The Canadian ship Tahrir and the Irish ship Saoirse have successfully reached international waters, marking the start of the Freedom Waves to Gaza campaign.  The boats are currently in the Mediterranean Sea, preparing to sail for Gaza within a matter of hours.

[MR: This past June, the Saoirse was attacked by saboteurs while still in port, preventing it from sailing to Gaza.  The Tahrir was blocked from sailing by the Greek government, apparently under intense pressure from Israel and the US.]

The Freedom Waves to Gaza initiative is a non-violent, civil society movement to challenge the Israeli blockade of Gaza.

“Flowing out of the Freedom Flotillas, the Freedom Waves to Gaza are now underway,” says Canadian Boat to Gaza organizer Ehab Lotayef from on board the Tahrir.  Also on board in this citizen-to-citizen initiative are delegates from Australia, the US, and Palestine.  “We are now in international waters and hope to reach the shores of Gaza in a matter of days.  Among the significant obstacles in our way are Israel’s military and the complicity of the Harper government, but we have the wind of public opinion at our back and in our sails, which strengthens our resolve and determination to challenge the illegal blockade of Gaza’s 1.5 million inhabitants.”

“The fact that we have reached international waters is another victory for the movement,” says Canadian Boat to Gaza organizer David Heap from on board the Tahrir.  “Despite economic blackmail, despite the outsourcing of the blockade to Greece, despite being forcibly boarded by the Greek Coast Guard, and despite Israel mobilizing a significant portion of its navy to stop us, we are now even closer to reaching Gaza, breaking the blockade, and occupying the occupation.”

Ehad Lotayef adds, “The Palestinians living in Gaza want solidarity not charity, and have made it clear to the world that their primary demand is for freedom.  While humanitarian aid is helpful, Gazans are still prisoners with no freedom of movement.  Israel’s illegal blockade prevents not only imports into Gaza, but exports as well.  And the blockade prevents Palestinians from moving freely between Gaza and the West Bank, in violation of fundamental human rights.”

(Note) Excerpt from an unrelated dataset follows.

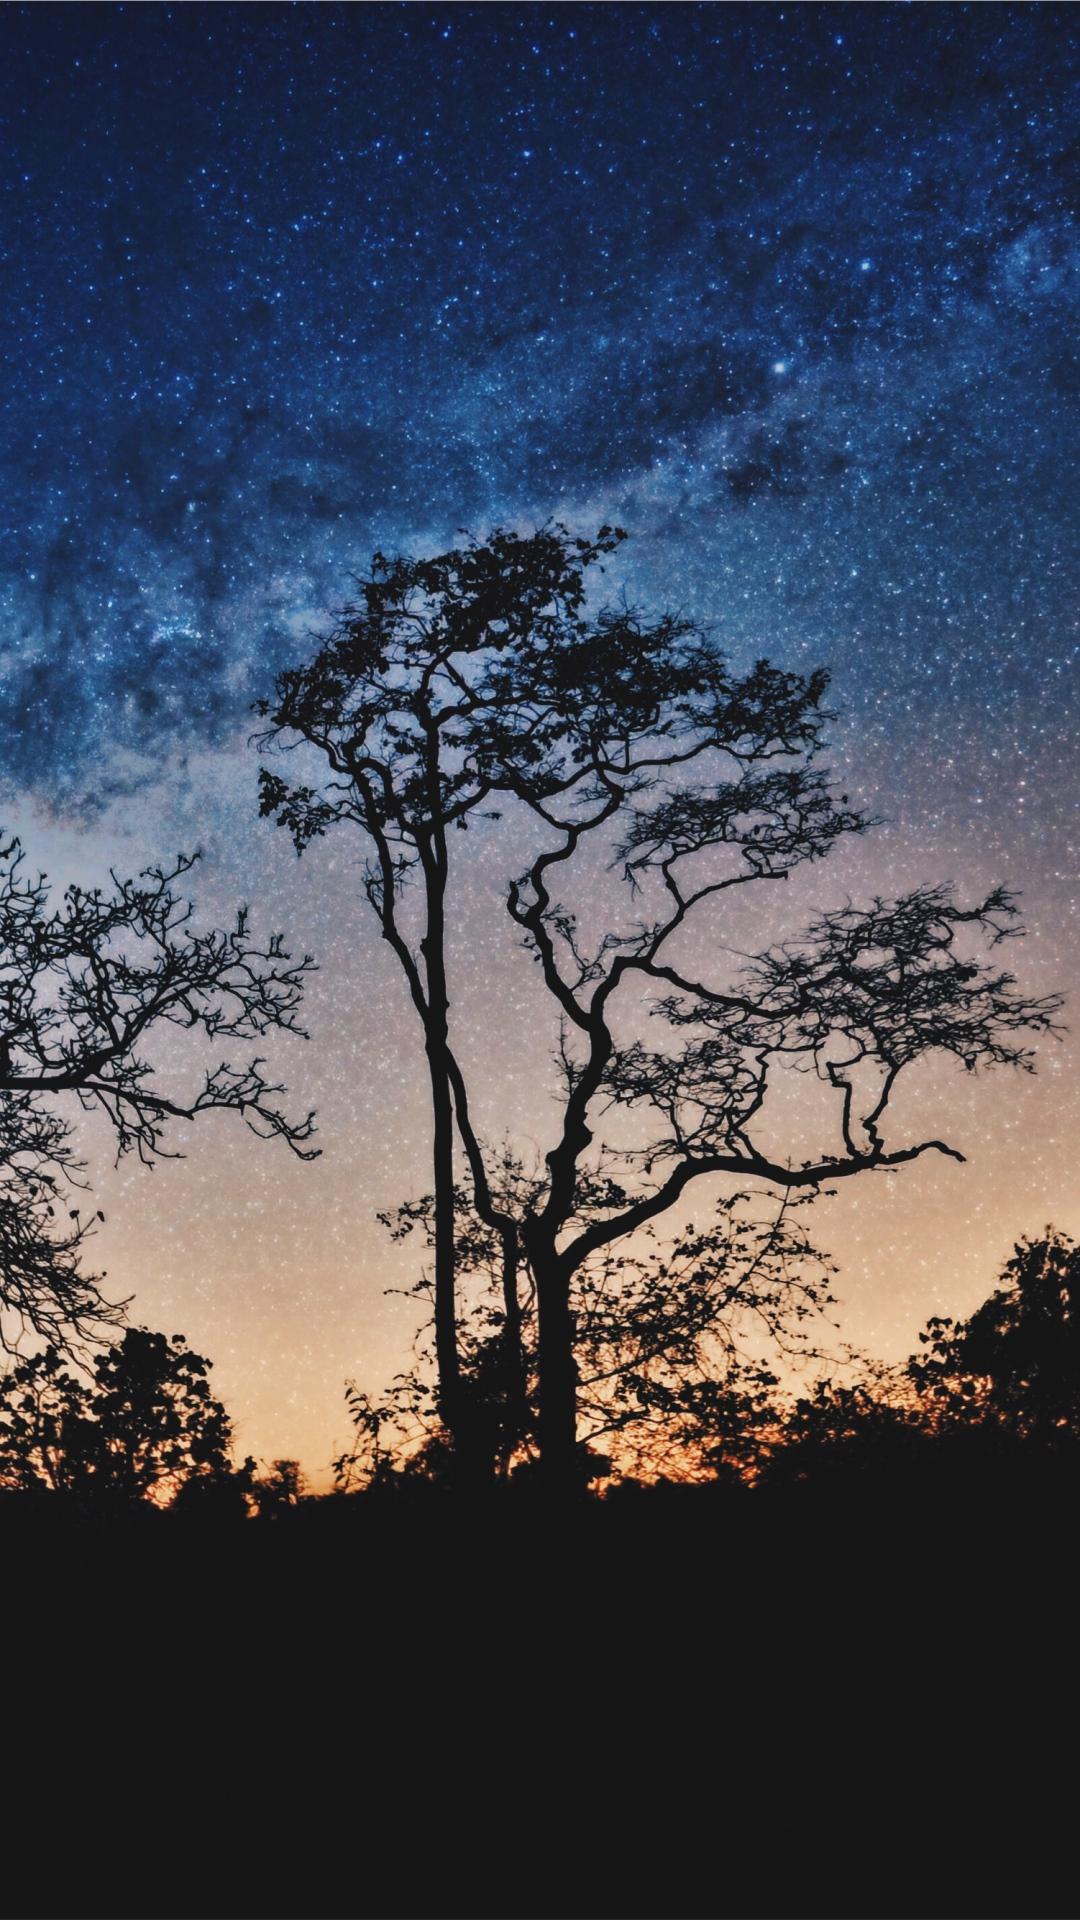 iphone wallpaper trees night stars sky Trees

Restrictions at the eleventh hour by port authorities have meant that only one third of the assembled delegates and media have been allowed to embark.  Bios of the delegates on board are available here.

Despite this latest challenge, the Tahrir and Saoirse will soon be at full speed ahead toward Gaza.  Various media outlets will be reporting on developments aboard the Tahrir, including Democracy Now and Al Jazeera.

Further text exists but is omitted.